Good Blurbs, Bad Blurbs

Blurb-Collage

by Timothy Liu

Shall we talk about blurbs? Is it crass to critique a well-meant compliment? Perhaps. But a corrective may be in order. Many poets, poet-editors, and poet-critics gush to a disingenuous fault. Cocktail chatter can provide ample evidence. Such flattery (and flatulent excess) we have even come to expect. But when such utterances find their way to the back of book jackets, time to take stock, even risk a little rudeness. Here I feel emboldened by book reviewers like William Logan. Or Michael Robbins, another maverick poet-critic seemingly fearless about what his candor might cost him. I’d like to propose a new critical genre: blurb reviews. Anyone game?

Of course every writer must safeguard the writing life, but unlike our aforementioned rebels, what a vigilance some writers pay to safeguard their own reputations and careers, major trade publishers and the Ivy Leagues needing to be protected from infiltration and corruption at all costs. Guard those gates! But these are fungible variables. Six courses as an adjunct shuffling from one community college to the next or publication in an obscure venue that does not pay but is venerated and patronized by a coterie one devotedly courts can no less engender the dissembling I am speaking of.

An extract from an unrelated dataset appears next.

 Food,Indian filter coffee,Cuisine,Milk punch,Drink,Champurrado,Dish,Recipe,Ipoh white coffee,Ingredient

If we depend on genuine critiques to atone for the disingenuous (a ritual cutting-to-the-bone that might expiate an entire tribe), who then is worthy to perform the rite? And where does kindness fit into this picture? What if I love your first book but hate everything you have published since? Do I gush over the former and keep my mouth shut on the rest (even when directly asked) especially if you are in a position to further my own career (publications, reviews, grants, prizes, reading or teaching gigs)? Scratch my back and I scratch yours, but not too harshly . . . or lavishly.

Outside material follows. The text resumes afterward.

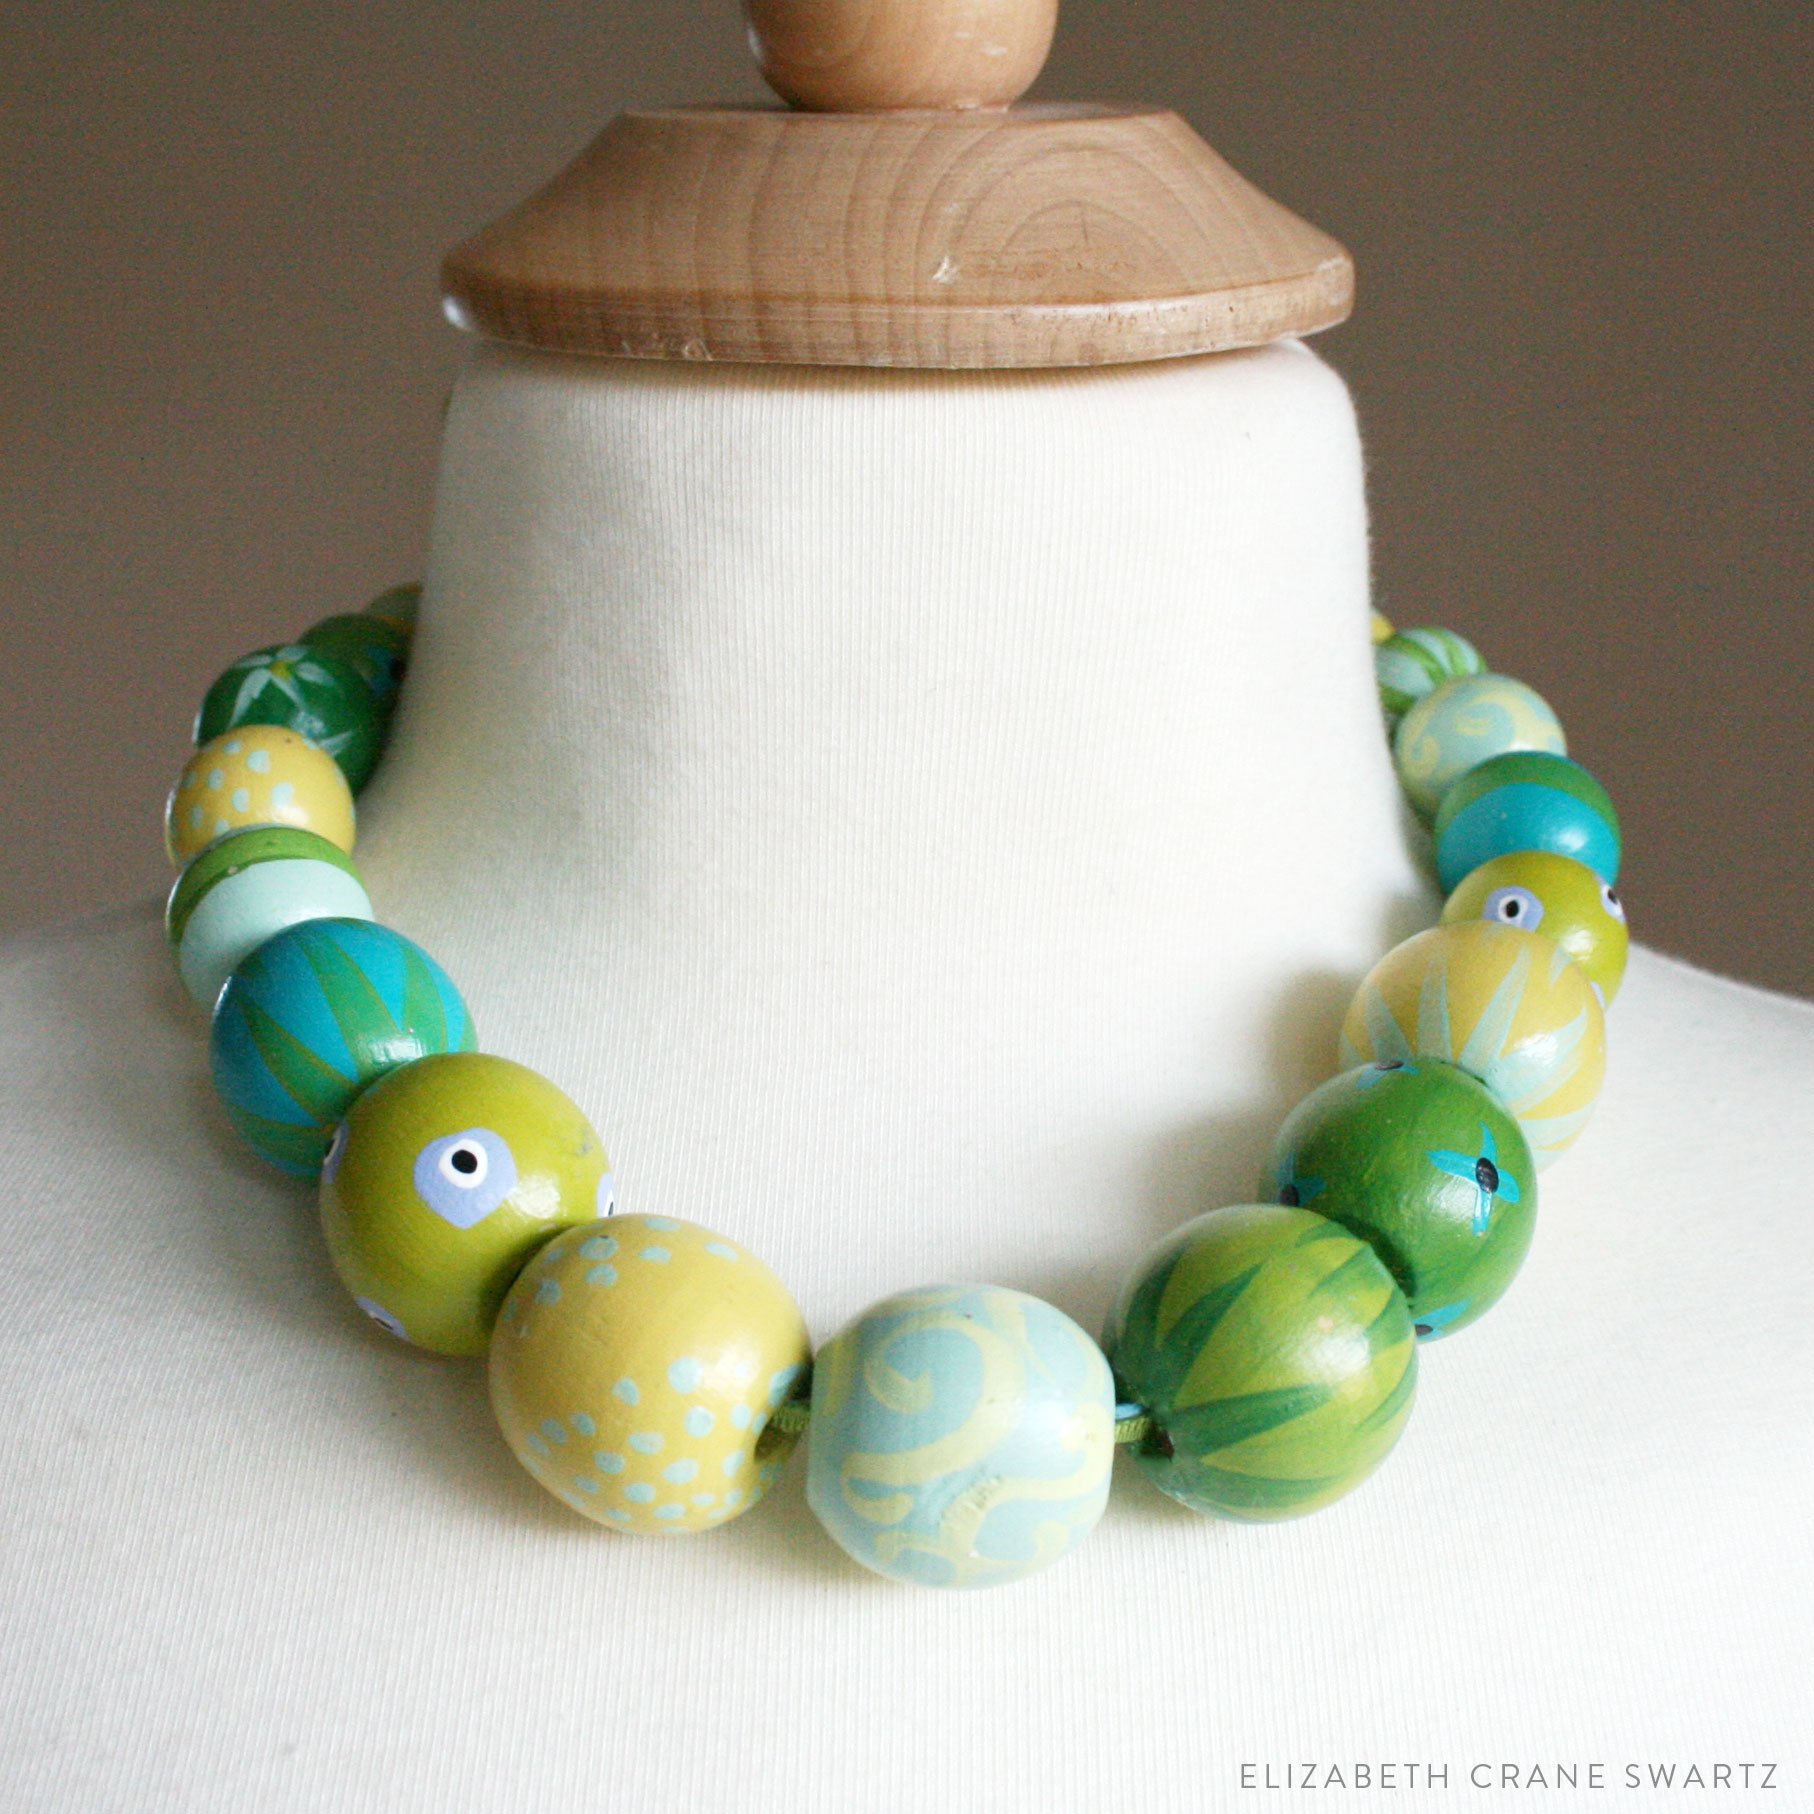 libby-necklace / elizabethcraneswartz.com

You might ask: Don’t we all expect a little excess? No harm done! With blurbs often clocking in at under a hundred words, some may wonder if there’s much room for anything substantial, but what’s brevity if not the soul of wit? Even so, many poorly-written blurbs resort to a liberal sprinkling of quotations, often a sign that the blurb writer hasn’t much to really say. Regardless, since most blurbs are written by poets (who are more often more “established” than the poet being blurbed though many post-Boomers seem to eschew authoritarian proclamations in favor of peer shout outs), why not hold poets accountable for their (mis)use of language, however well-intentioned? Blurb inflation can get tiresome. Behind the overt message of “Buy this book!” is the more covert “Please buy into this disingenuous literary economy that I need for my very own survival.” Of course, poets who have arrived at a certain venerated station might have the luxury to dispense with blurbs altogether.

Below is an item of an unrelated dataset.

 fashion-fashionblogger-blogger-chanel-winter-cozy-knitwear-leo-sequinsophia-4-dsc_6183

I have nothing against blurbs per se; I just wish I could believe more of what I read. Herewith is a stark example of excessive exuberance:

“The courage of this book is that it looks away from nothing; the miracle is that wherever it looks it finds poetry. If it were mine to invent the poet to complete the century of William Carlos Williams and Wallace Stevens, I would create Mark Doty just as he is . . .”—Philip Levine on My Alexandria

It’s one thing to champion a book but quite another to bookend High Modernism with “the poet to complete the century.” I mean really, what was Levine thinking? Here’s another example of wild indulgence:

“This is a brilliant, un-erasable book. It begins with the descent of the soul into flesh, which is also the descent into the catastrophic, tormenting history of family and nation. Kim does not turn away from the history but takes it into herself, making poems that give it indelible voice. The poems as a whole surprise not only by their ambition and ferocity but by their delicacy, their sudden reserves of stillness and contemplation. If there is justice, the future will look back on this book as a major event.”—Frank Bidart on Notes from the Divided Country

It’s one thing to be wowed by a book, but to clairvoyantly speak for literary posterity? I would argue that no one is well-served by hyperbolic endorsements; couldn’t someone have suggested that the final sentence be cut? Nothing wrong with saying that this book was “a major event for me,” but to invoke “justice” for the “future”? Not! Contrast that blurb with the following one which also employs the term, “a major event”:

“Given that there are two kinds of readers in English, those who are passionate fans of the poetry of Linh Dinh and those who have yet to read his writing, All Around What Empties Out is a major event, too long overdue. These are works without waste, with the direct sense of humor and, throughout, an underlying feel for the pain of living that calls to mind Kathy Acker as much as Kafka. Linh Dinh looks at the world with the clearest eyes imaginable, a walking example of the role of the real at the heart of the surreal.”—Ron Silliman

Yes, the opening sentence makes an outrageous claim (sooner or later, everyone will bow down to the genius of Linh Dinh!), but this playful tone (missing in the Bidart or in the Levine) quickly segues into specific praises rather than generalized prophetic utterances. No surprise that less hubris often leads to more substance. Strong blurb writers direct our attention to the writing under consideration without eschewing their own stylistic fingerprints (which we want all over the covers of our forthcoming books! which is why we are careful who to ask/plead for certain endorsements, imprimaturs!). Consider the following two blurbs for Ai’s debut volume, Cruelty:

“All woman—all human—all vital.  Alive with the arteries of life.”—Anne Sexton

“She is the most talented young person I know.”—Galway Kinnell

Cruelty was published in 1973. Anne Sexton committed suicide in 1974. In Sexton’s blurb, one can’t help but hear an additional echo of Plath’s “the blood jet is poetry.” It matters not only what a blurb actually says but who said it and when. Kinnell’s landmark The Book of Nightmares was published in 1971. Riding high on his fame, like Sexton, they both dispense with commenting on Ai’s poetry and focus on Ai herself.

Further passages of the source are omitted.